The central dogma of molecular biology states that DNA makes RNA makes protein, yet one of the most important DNA technologies stemmed from the discovery that the first of these steps can be reversed.

In 1970, puzzled by the ability of RNA tumour viruses to stably transform cells — without incorporation of a DNA copy of viral genes into the host genome — Baltimore, and Temin and Mizutani, looked for DNA polymerase activity in purified preparations of such viruses. The kinetics of the incorporation of radiolabelled thymine indicated that DNA was being synthesized. The reaction was sensitive to ribonuclease treatment, showing that it was RNA-dependent, whereas the product was deoxyribonuclease-sensitive but ribonuclease-insensitive, confirming that it was DNA.

Two years later, it was demonstrated that the reverse transcriptase could be used in vitro to synthesize cDNA from mammalian mRNAs. Verma et al. and Kacian et al. both added preparations of globin mRNAs to reverse transcriptase from avian myeloblastosis virus. They correctly hypothesized that the reaction would only work efficiently if they also added oligo(dT), which would hybridize to the poly(A) tail of the mRNAs and act as a primer. By hybridizing their DNA product to the original mRNA template, they confirmed that they had successfully synthesized cDNA.

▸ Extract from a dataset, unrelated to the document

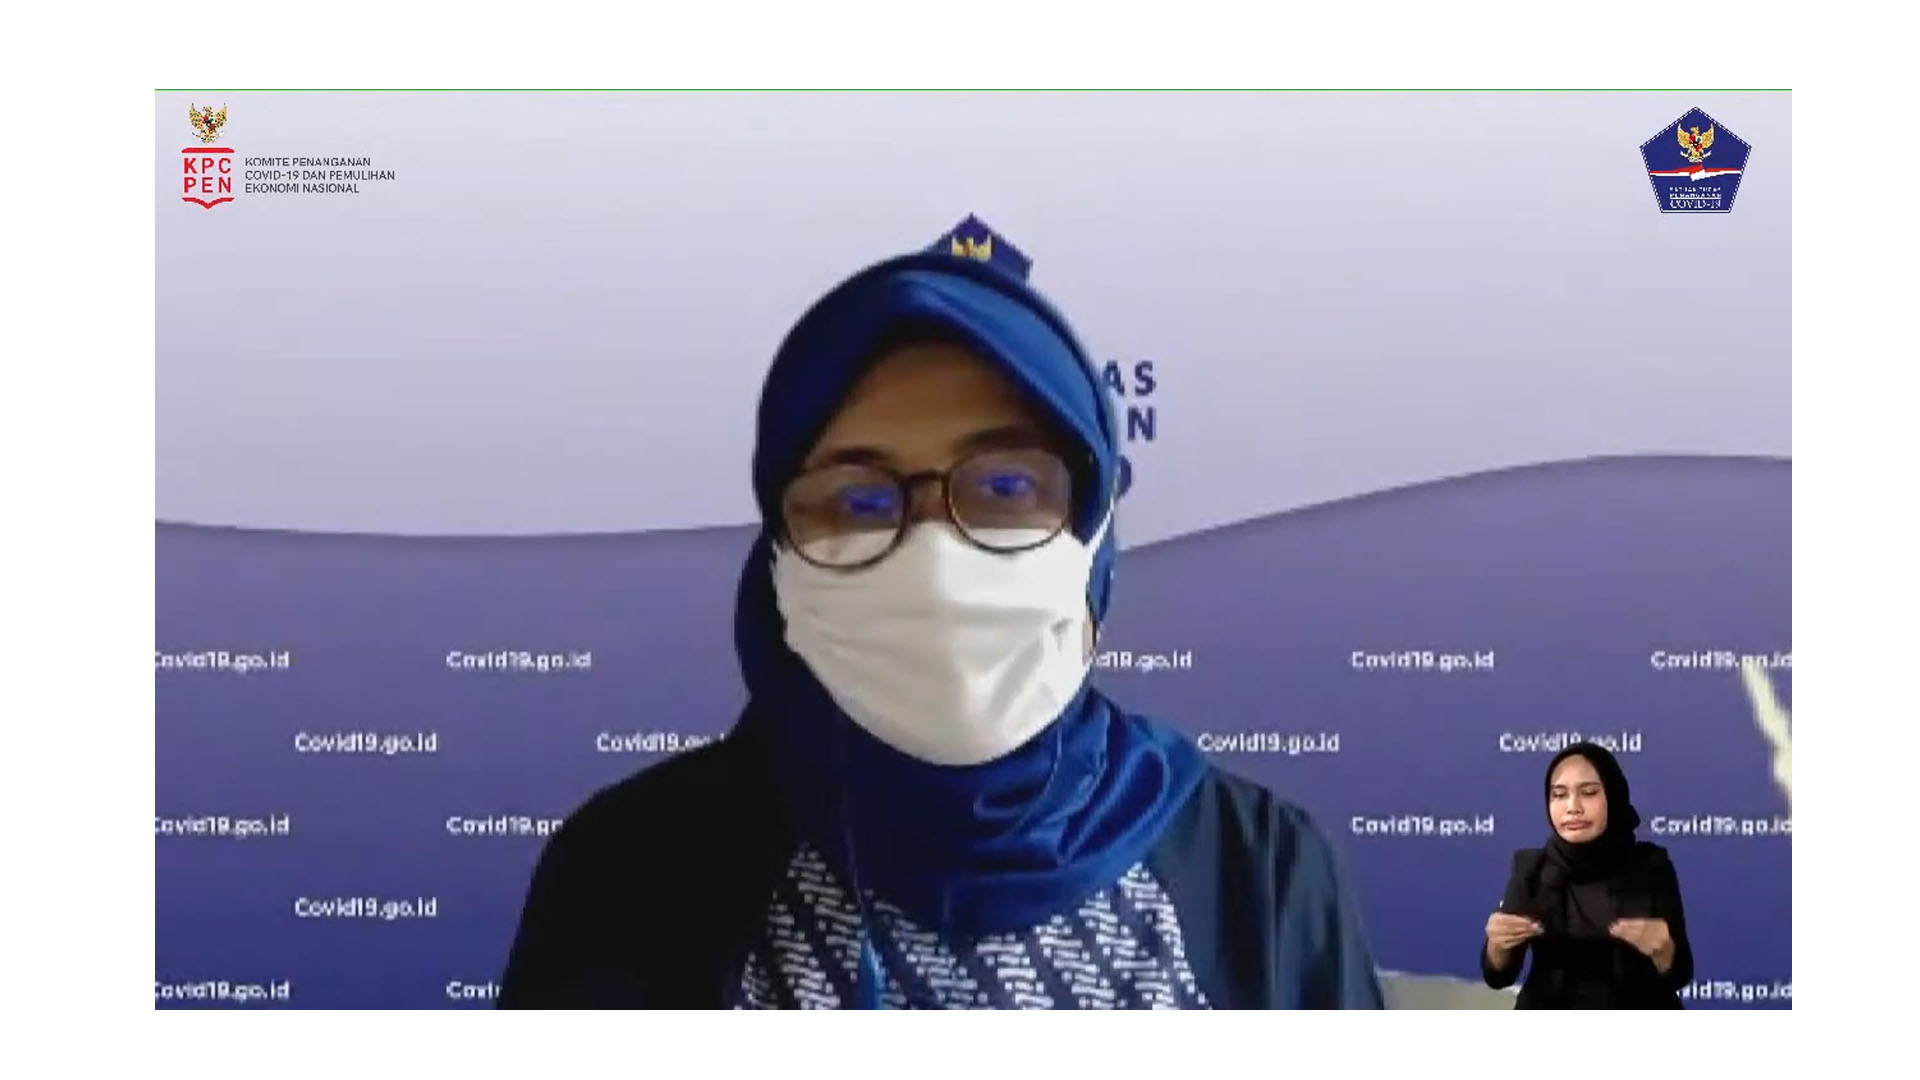 VIDEO: Bagaimana Cara Mengolah Limbah Masker?

Over the next two decades, reverse transcriptase was widely used for the cloning of expressed genes. However, one of the biggest technical hurdles, especially for the creation of comprehensive libraries, was that most cDNAs in a given reaction were not full length owing to premature termination. In addition, low-abundance transcripts were far less likely to be cloned than high-abundance ones. In the late 1990s, Carninci, Hayashizaki and colleagues developed several techniques to overcome these problems.

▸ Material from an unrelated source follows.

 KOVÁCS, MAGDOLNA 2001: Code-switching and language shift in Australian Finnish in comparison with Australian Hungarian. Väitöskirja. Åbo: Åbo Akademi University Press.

By biotin capping of the mRNAs, they ensured that only full-length cDNAs were selected. After first-strand cDNA synthesis, RNAse I was used to destroy any part of any mRNA that was not bound to cDNA. This caused the removal of the 5′ biotin cap from the mRNAs of all non-complete cDNAs. Magnetic beads were used to select only the full-length cDNAs for second-strand synthesis and cloning.

Their discovery that trehalose makes reverse transcriptase more thermostable meant that the reaction could be carried out at a higher temperature, at which the formation of fewer RNA secondary structures increased the number of full-length cDNAs produced.

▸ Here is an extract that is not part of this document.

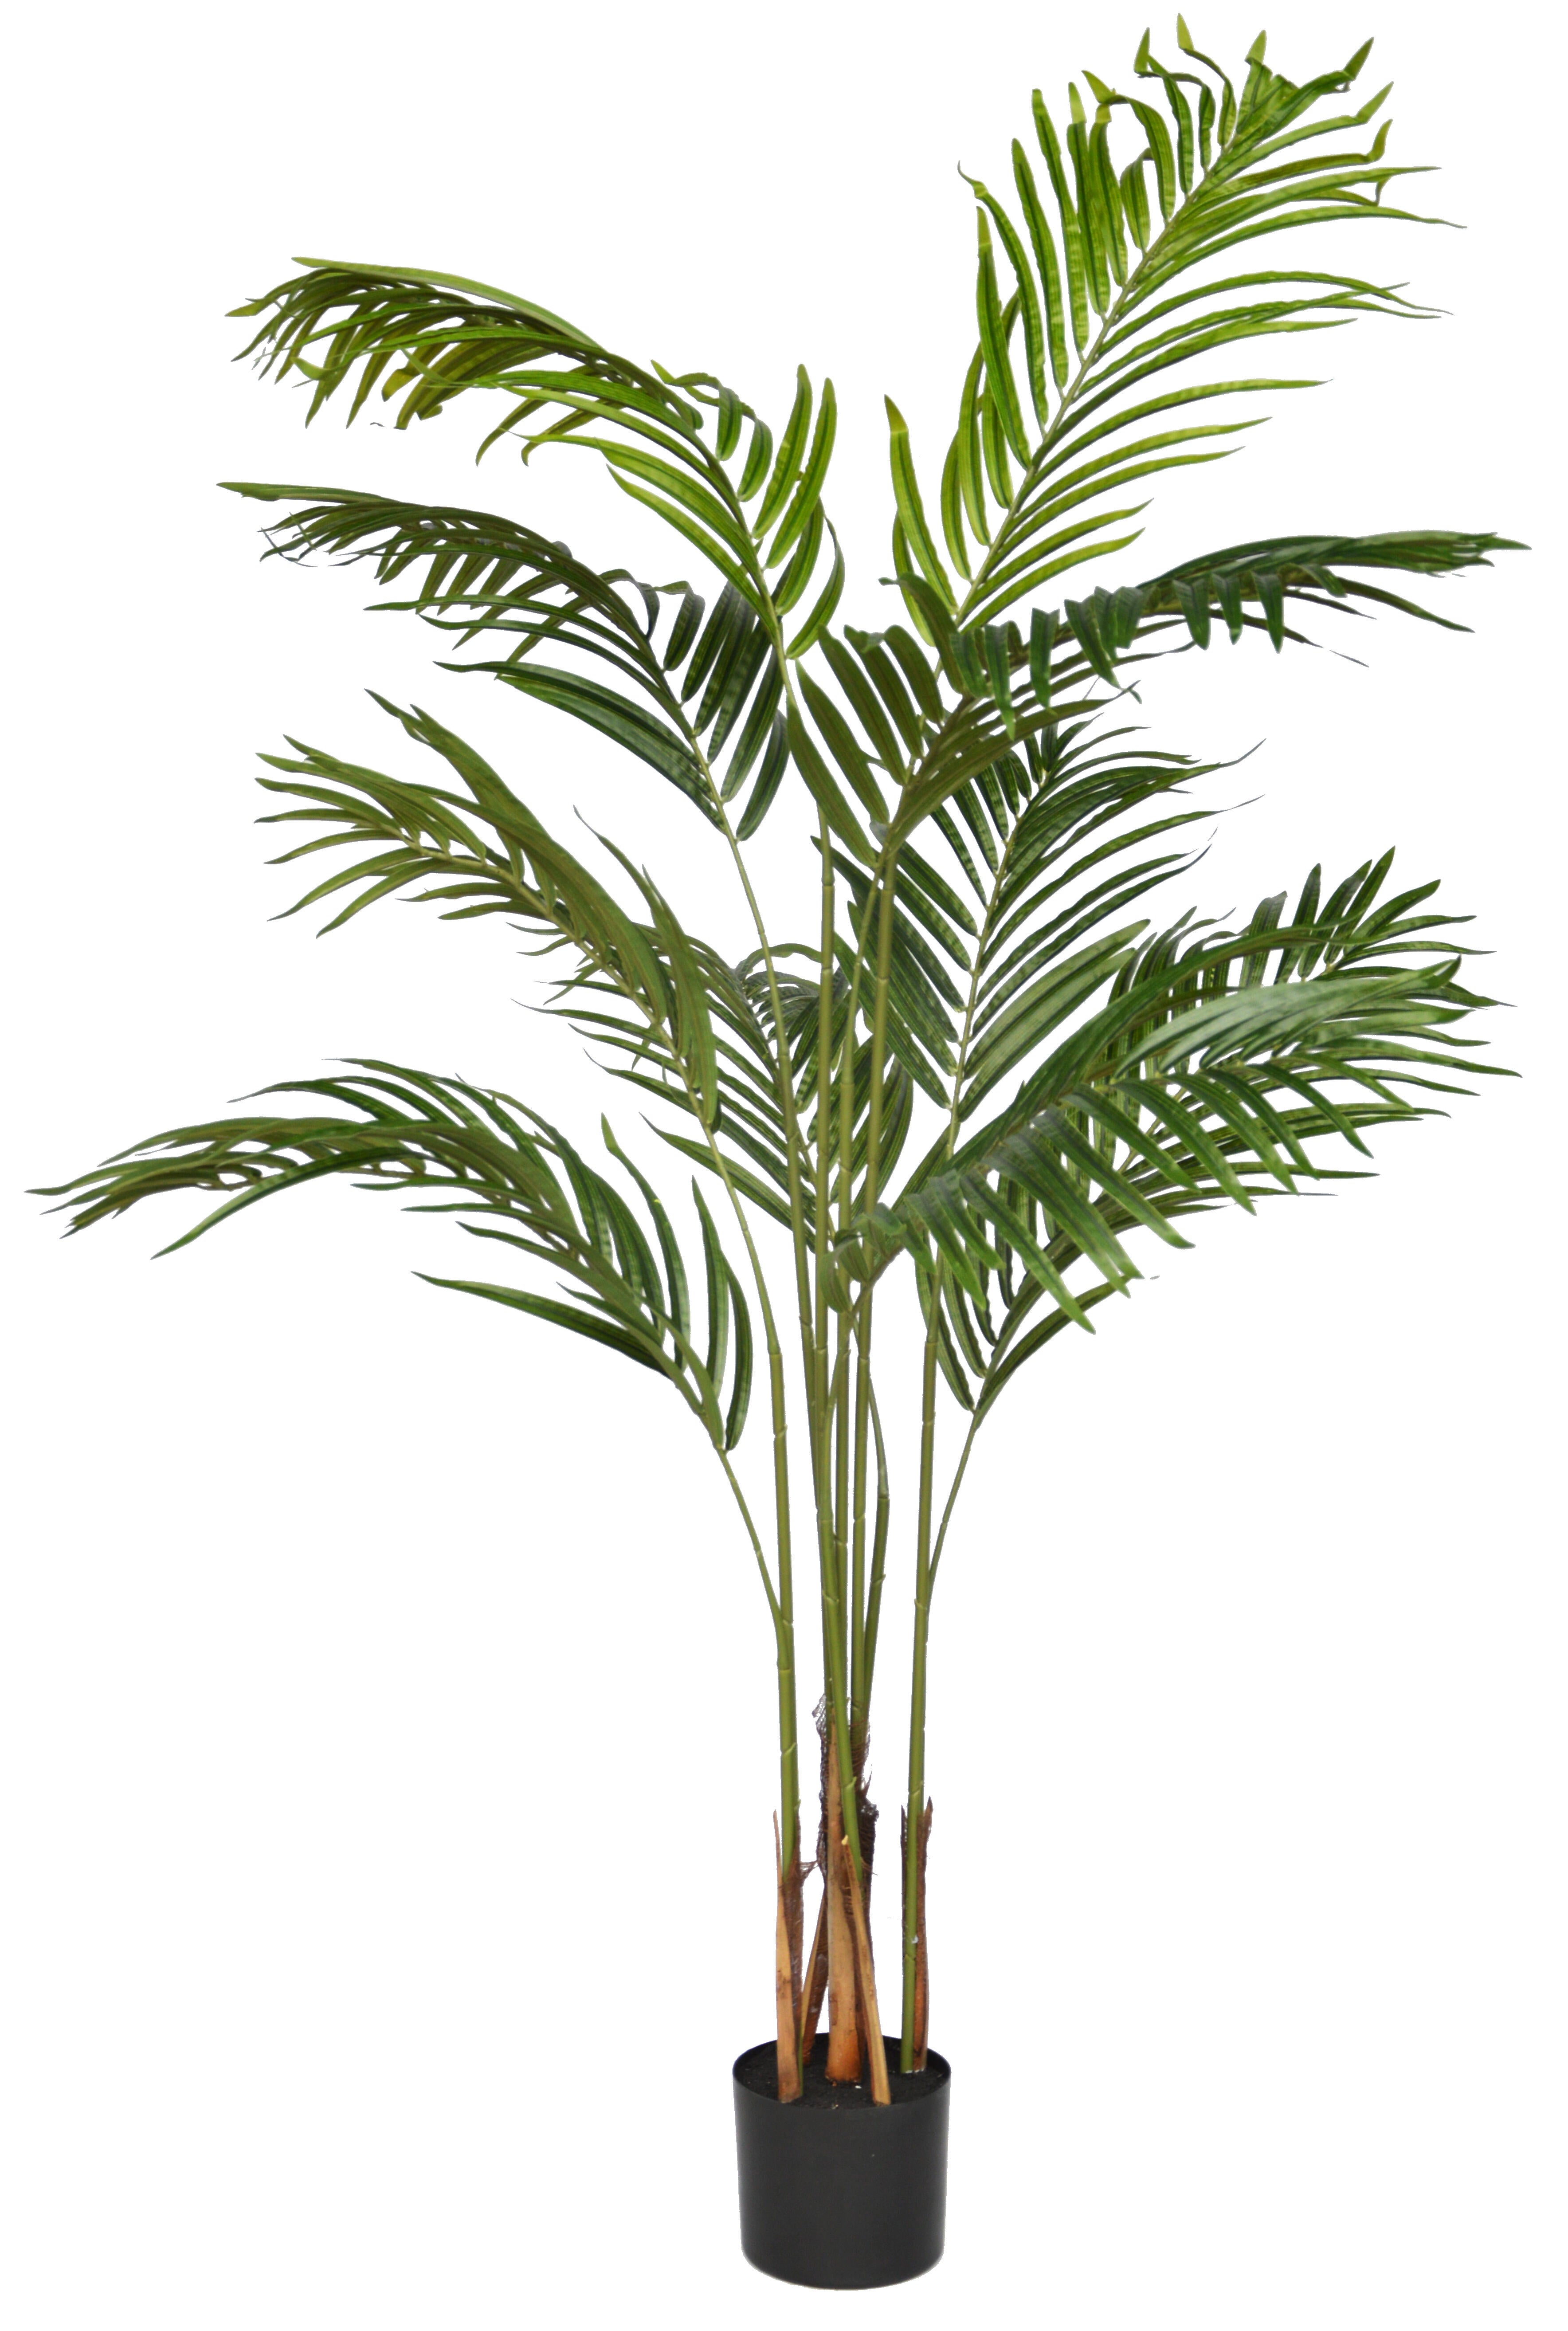 Árbol artificial Palmera Areca de 160 cm de altura en maceta de 16 cm

Finally, in order to complete expression libraries, they selectively cloned rare new cDNAs by screening out abundant ones and those already cloned in existing libraries. To achieve this, they added biotinylated RNA from the original sample and existing libraries after first-strand synthesis. All of the cDNA that hybridized to the RNA was removed with magnetic beads, leaving rare cDNAs behind.

From its origin as an esoteric property of certain viruses, reverse transcription has become hugely important in molecular biology. Its influence extends from cloning to the development of microarrays to the annotation of genomes.